▶ Problem to work on
Below are some records. Retype exactly the lines from the one containing "Estock Throw Pillow" through the one containing "Ecuador Quito security", both included, skipping every picture.

▶ Material shown
↓↓↓

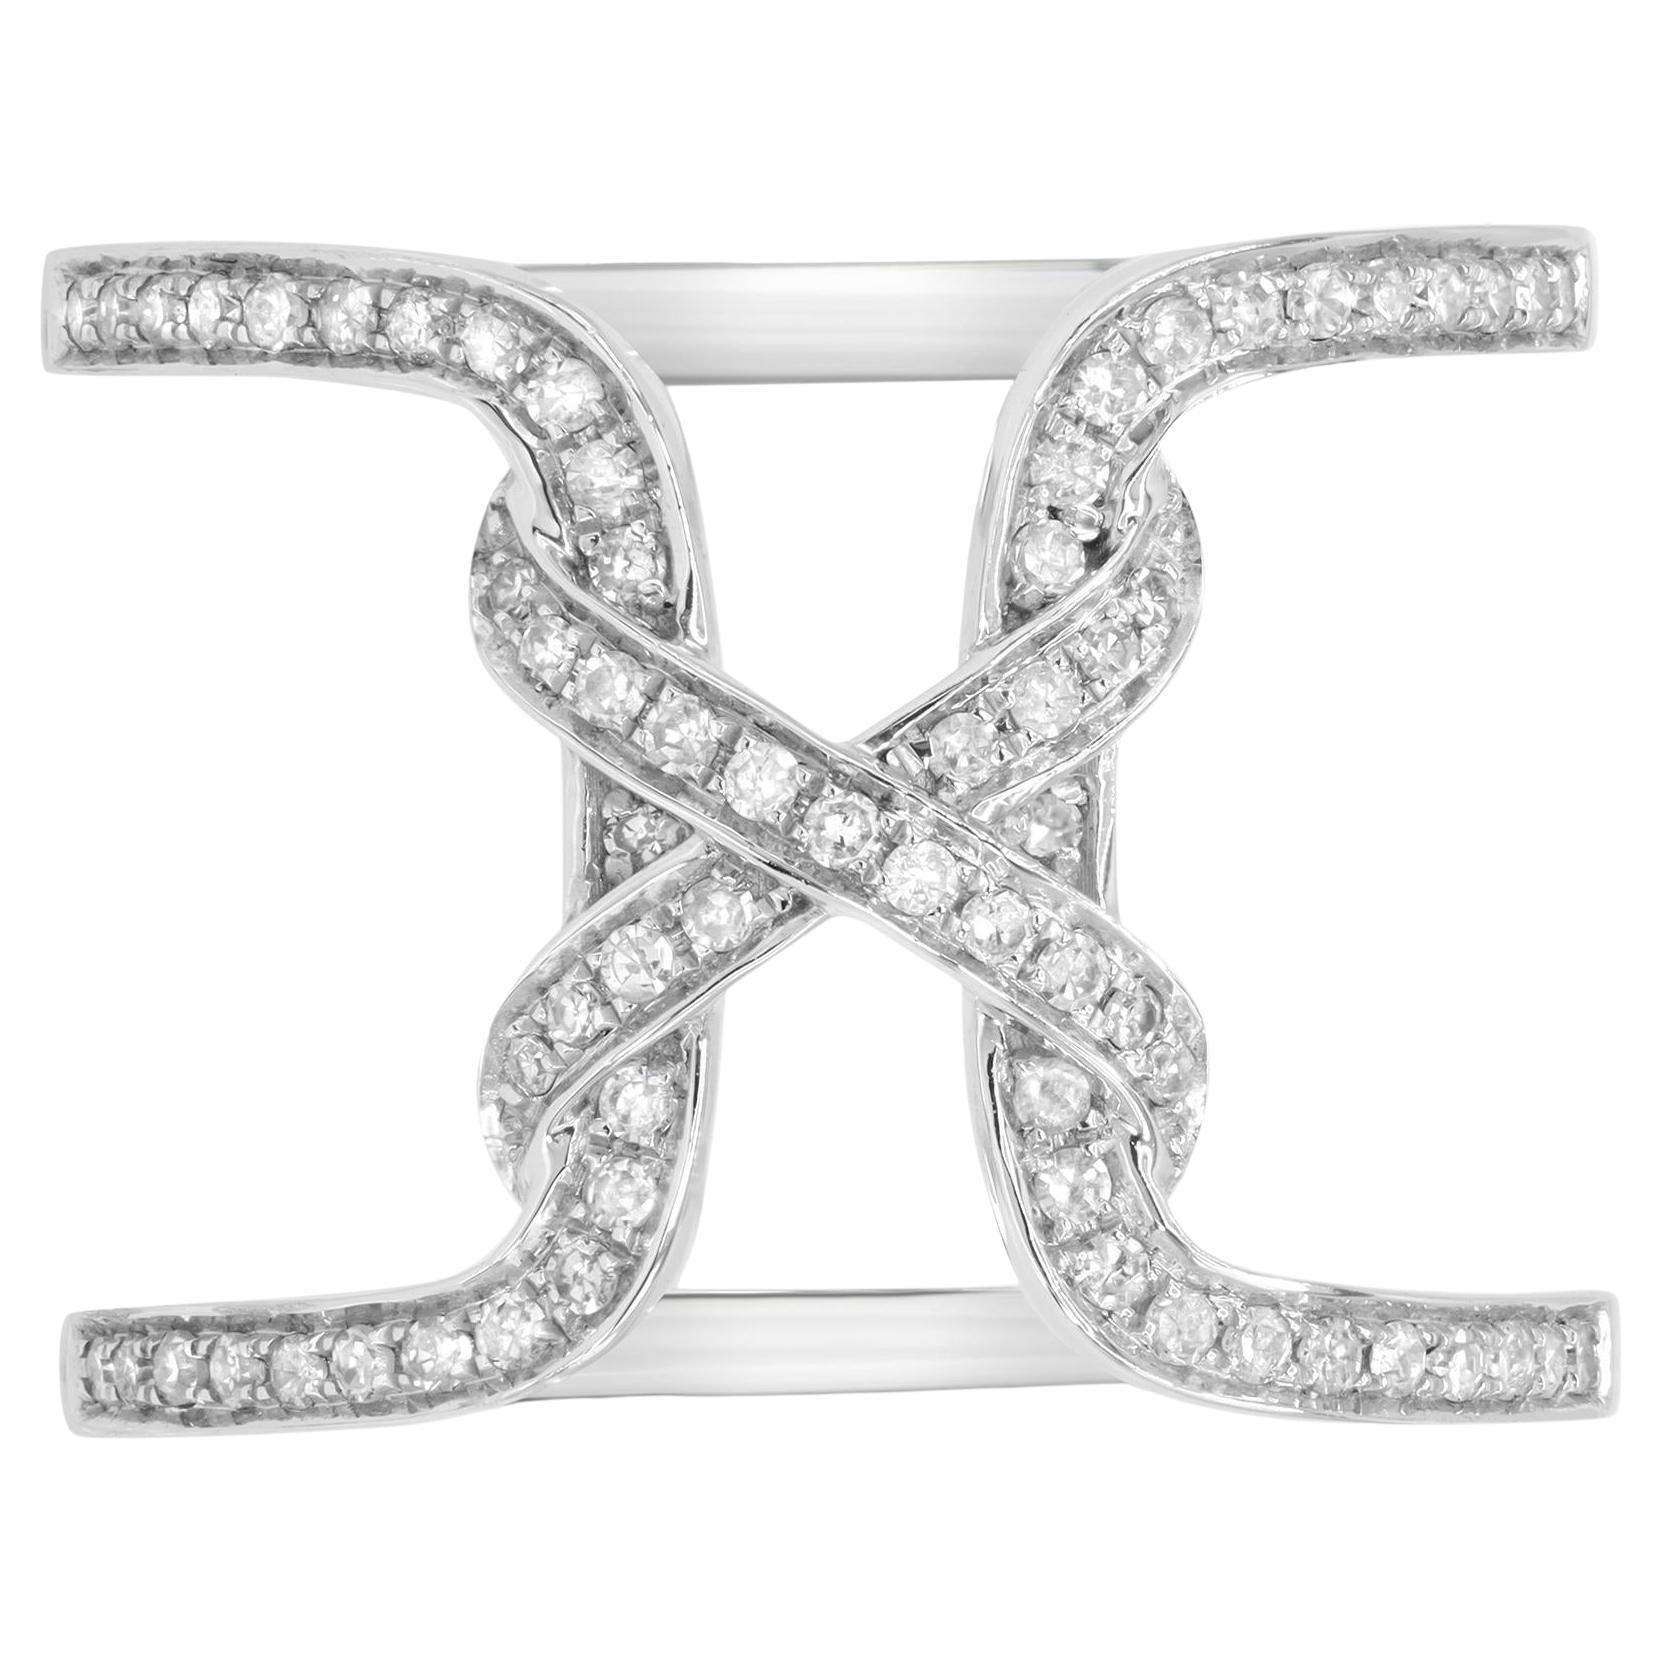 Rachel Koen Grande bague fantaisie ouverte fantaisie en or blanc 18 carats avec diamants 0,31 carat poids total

↑↑↑
↓↓↓

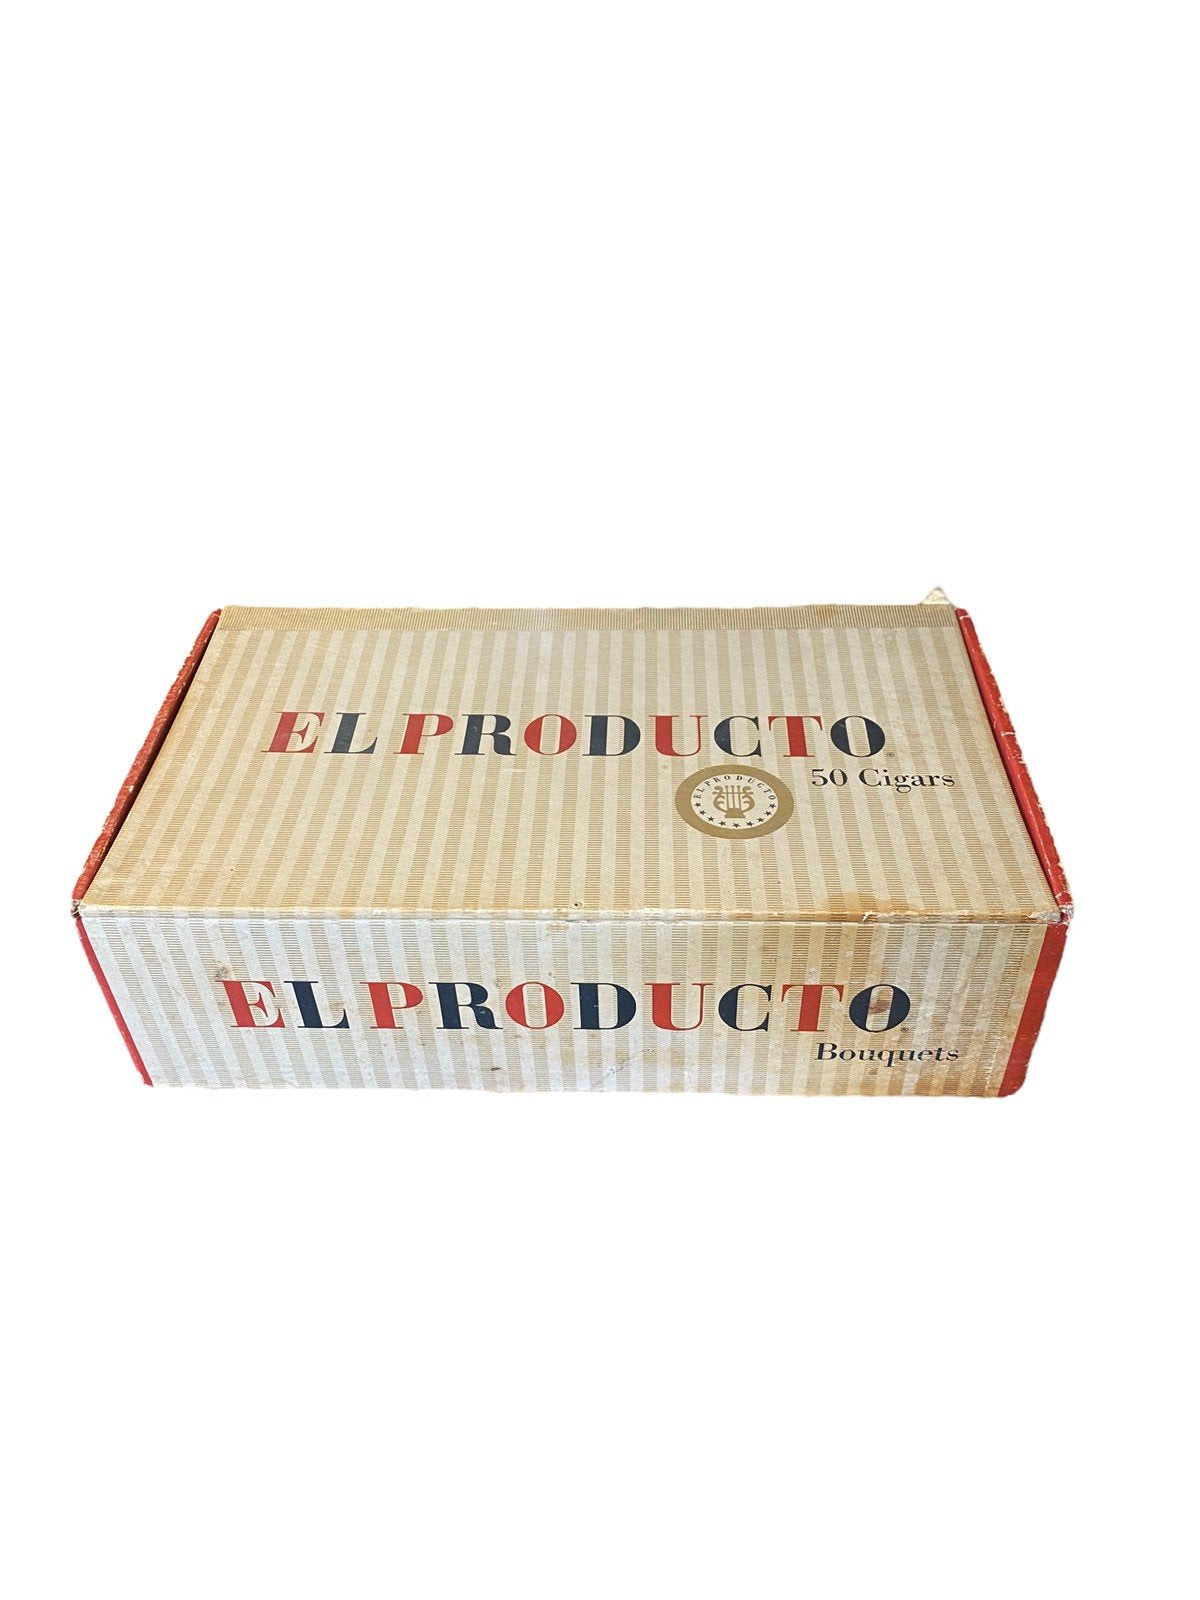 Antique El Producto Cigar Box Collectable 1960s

↑↑↑
↓↓↓

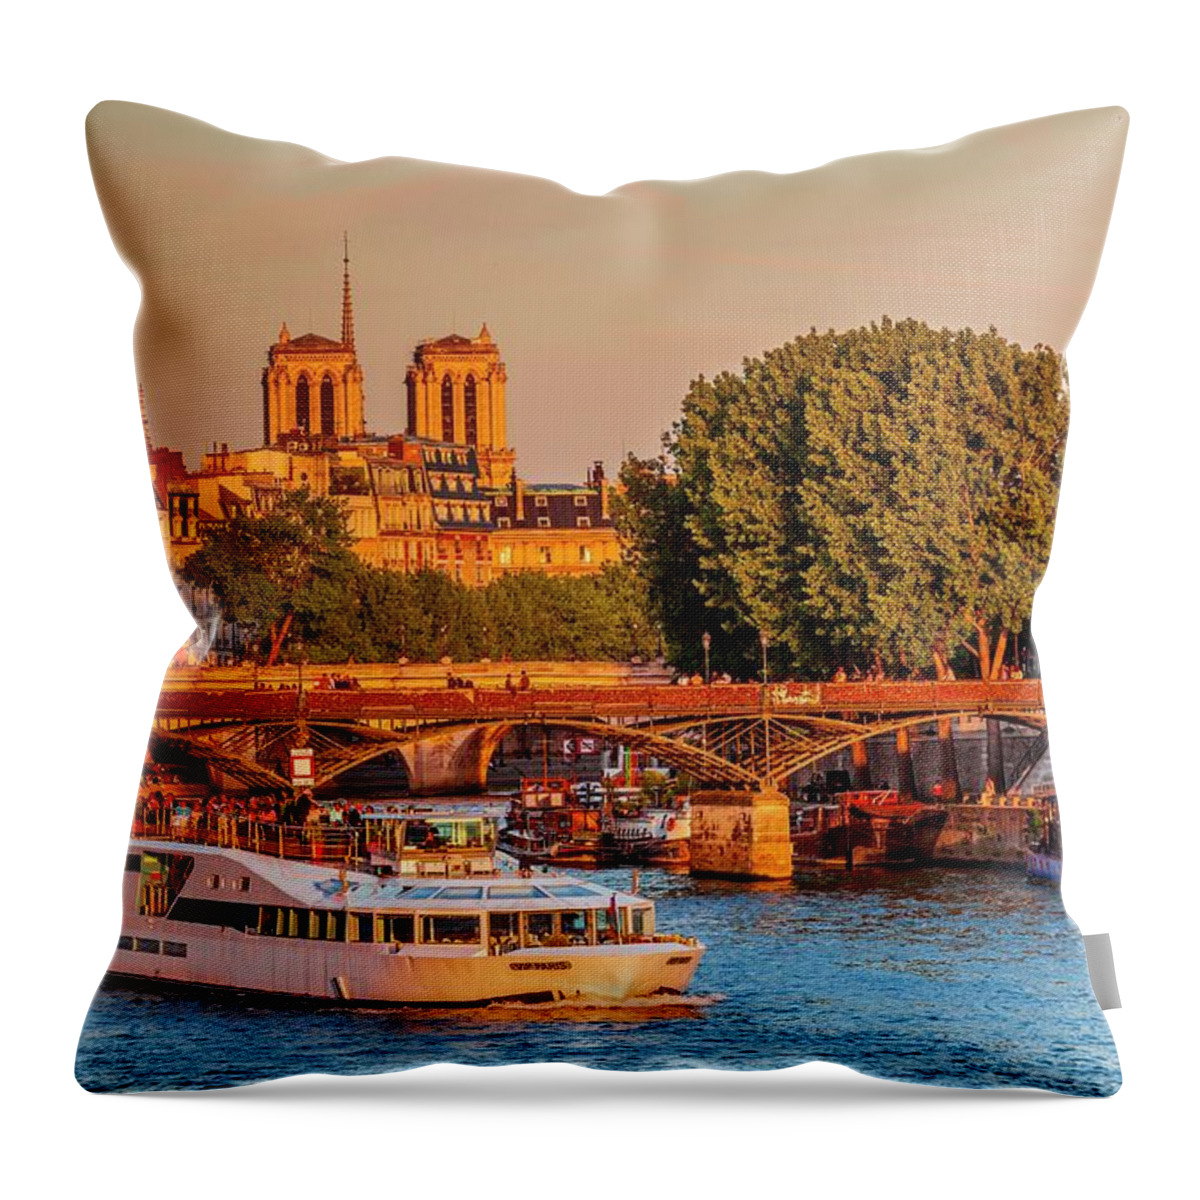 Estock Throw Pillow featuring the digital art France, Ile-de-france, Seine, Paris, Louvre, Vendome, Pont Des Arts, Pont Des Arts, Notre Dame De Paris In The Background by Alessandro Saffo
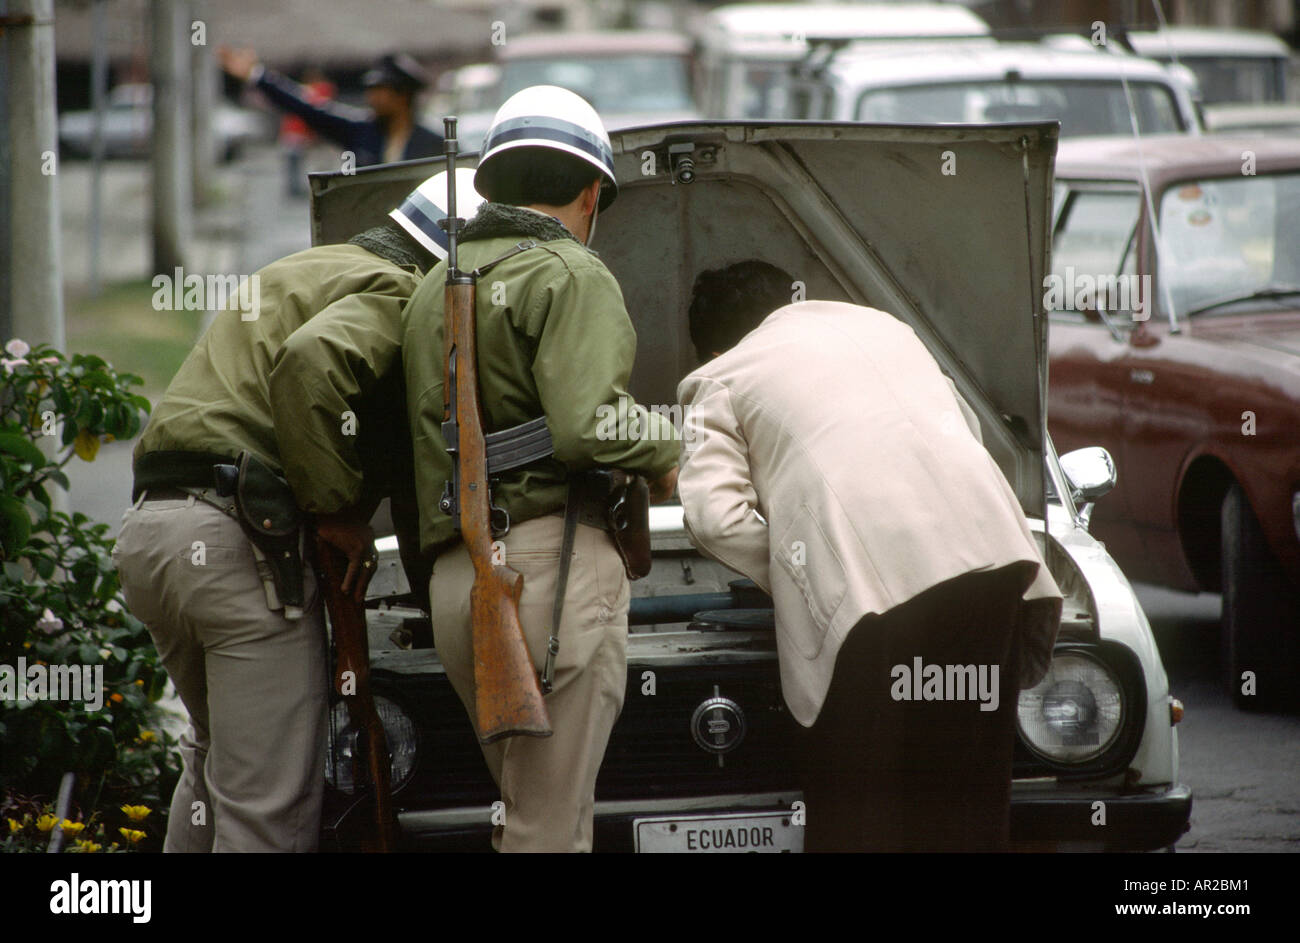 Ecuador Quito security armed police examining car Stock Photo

↑↑↑

▶ Answer to the problem
 Estock Throw Pillow featuring the digital art France, Ile-de-france, Seine, Paris, Louvre, Vendome, Pont Des Arts, Pont Des Arts, Notre Dame De Paris In The Background by Alessandro Saffo
 Ecuador Quito security armed police examining car Stock Photo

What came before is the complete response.